One of the more out of the box stories that Ladd wrote about for the Oswegonian’s sports section this year was a feature about the E-Sports Association at SUNY Oswego. This was a topic that Ladd never thought he would be writing about when he joined the oswegonian, especially since he has little to no knowledge about E-Sports in general. 

“I was going through our sports section and realized we only had two stories for that week’s issue,” Ladd said. “So next thing I knew I wrote an 850 word story about the Oswego E-Sports Association. So it’s just examples like that for where we have had to get creative this year.”

Sports writer Trina Catterson has noticed some difficulties with being able to get interviews with coaches and players in the time frame she has to write her story. On top of this at sporting events where reporters were allowed to attend games they were not allowed to speak to coaches immediately after the game like they were allowed to in the past. Reporters were allowed to Zoom coaches at a later date or attempt to get in touch with an athlete through text message.

“It’s a lot harder to get interview time,” Catterson said. “We’re juggling between the athletes schedule, the coaches schedule, and their practice schedule. Just doing everything on Zoom has been odd just because you can’t really build a personal relationship with them, but we are doing our best to still put out stories and get accurate responses that can make a good story.”

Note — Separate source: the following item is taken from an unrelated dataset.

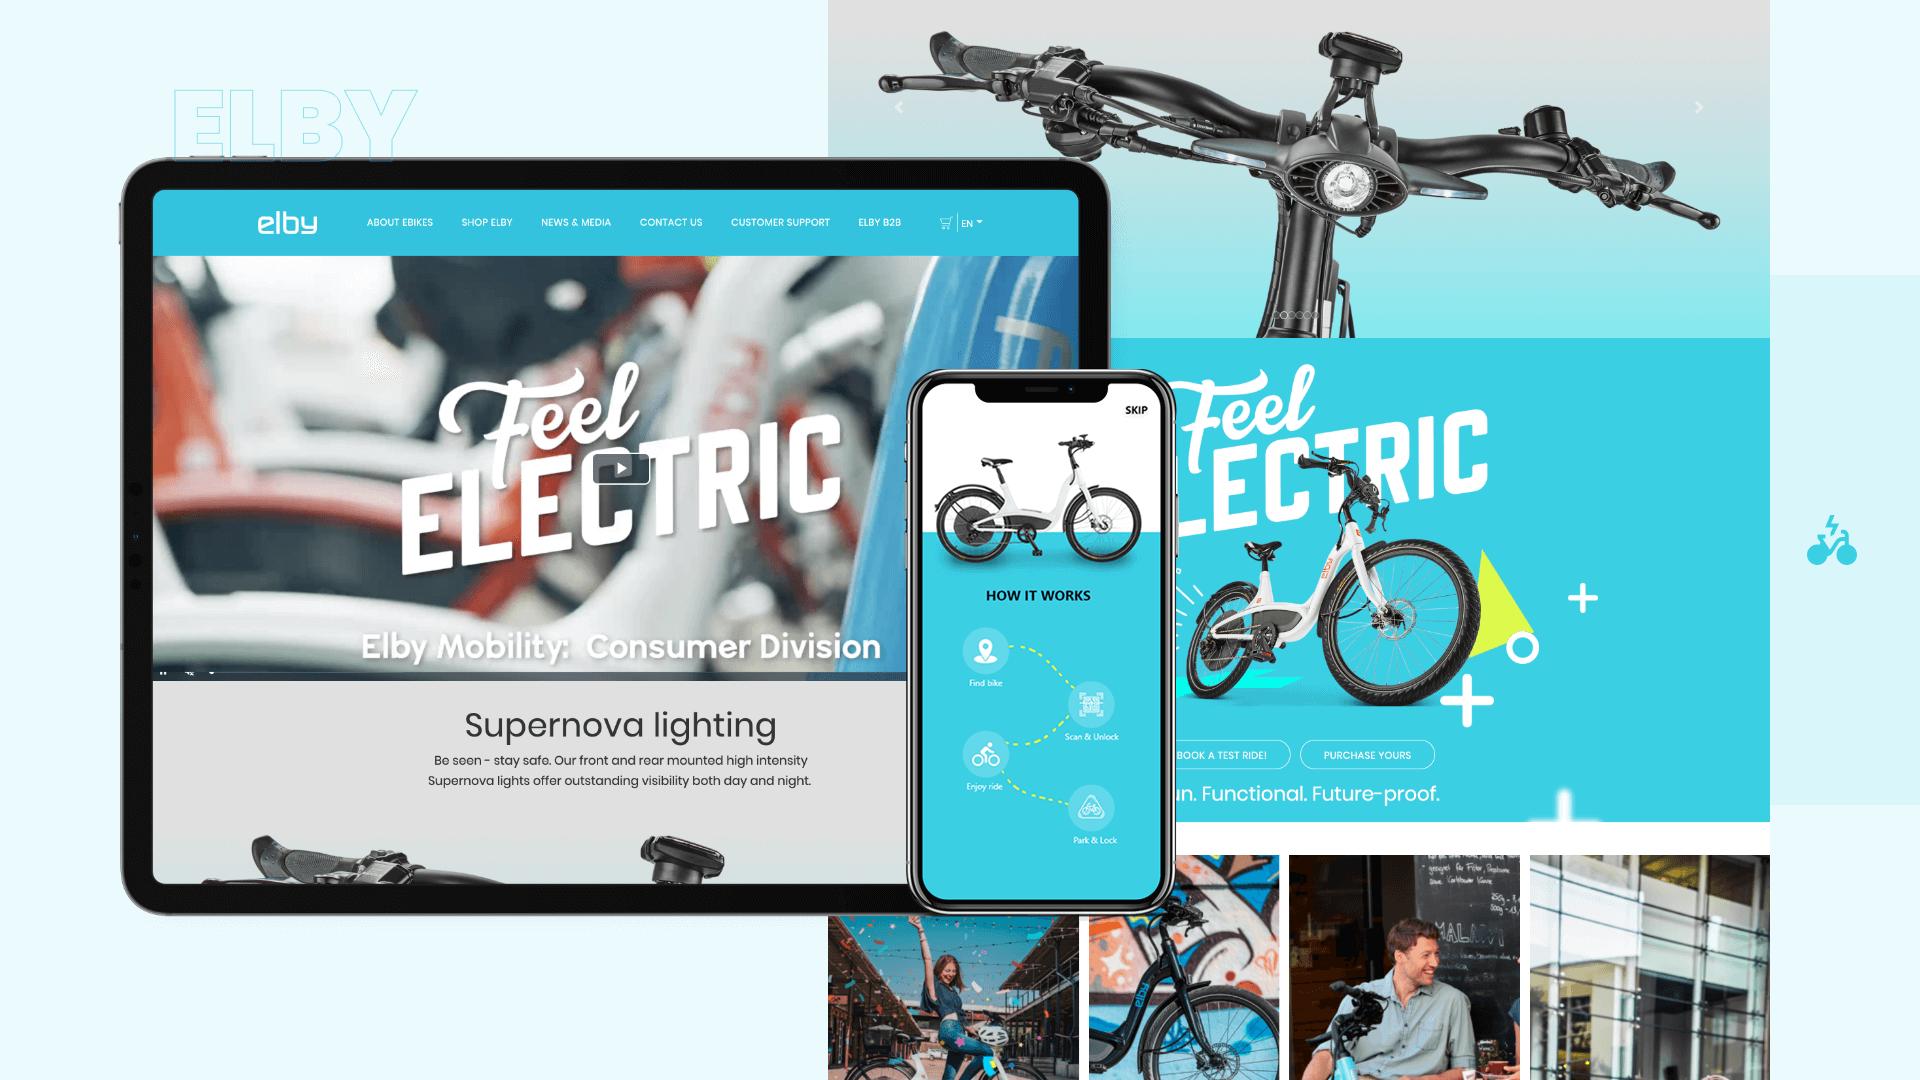 elby mobility webb app

Another difficulty that Ladd has noticed is there have not been any beat writers covering specific teams this year. Without this students have had to be able to expand their sports knowledge and try writing about teams for a sport that they are not very familiar with. 

“You can sense a disconnect between the writers and the team because you’re getting spread out all over the place,” Ladd said. “One writer one week will be writing about baseball. Then the next they will be writing about women’s lacrosse. Then the week after that they are writing about another random sport or doing another feature story. Having beat writers was able to provide more to the paper like columns so I am looking forward to them coming back soon.”

Grieco sees this year’s experience as helping writers become more versatile in a good way. Talking about how some of his sports writers had never touched a news piece or opinion piece. Now some of these writers have contributed to different sections of the paper more than before while still being able to write about sports.

“This year has forced everyone to be a little more versatile,” Grieco said. “This year we had a smaller newspaper in general so we had less sports pages. You can only fit so many stories on two pages. This will definitely help a lot of our writers expand their skill set, which I think will be great for them in the long run.”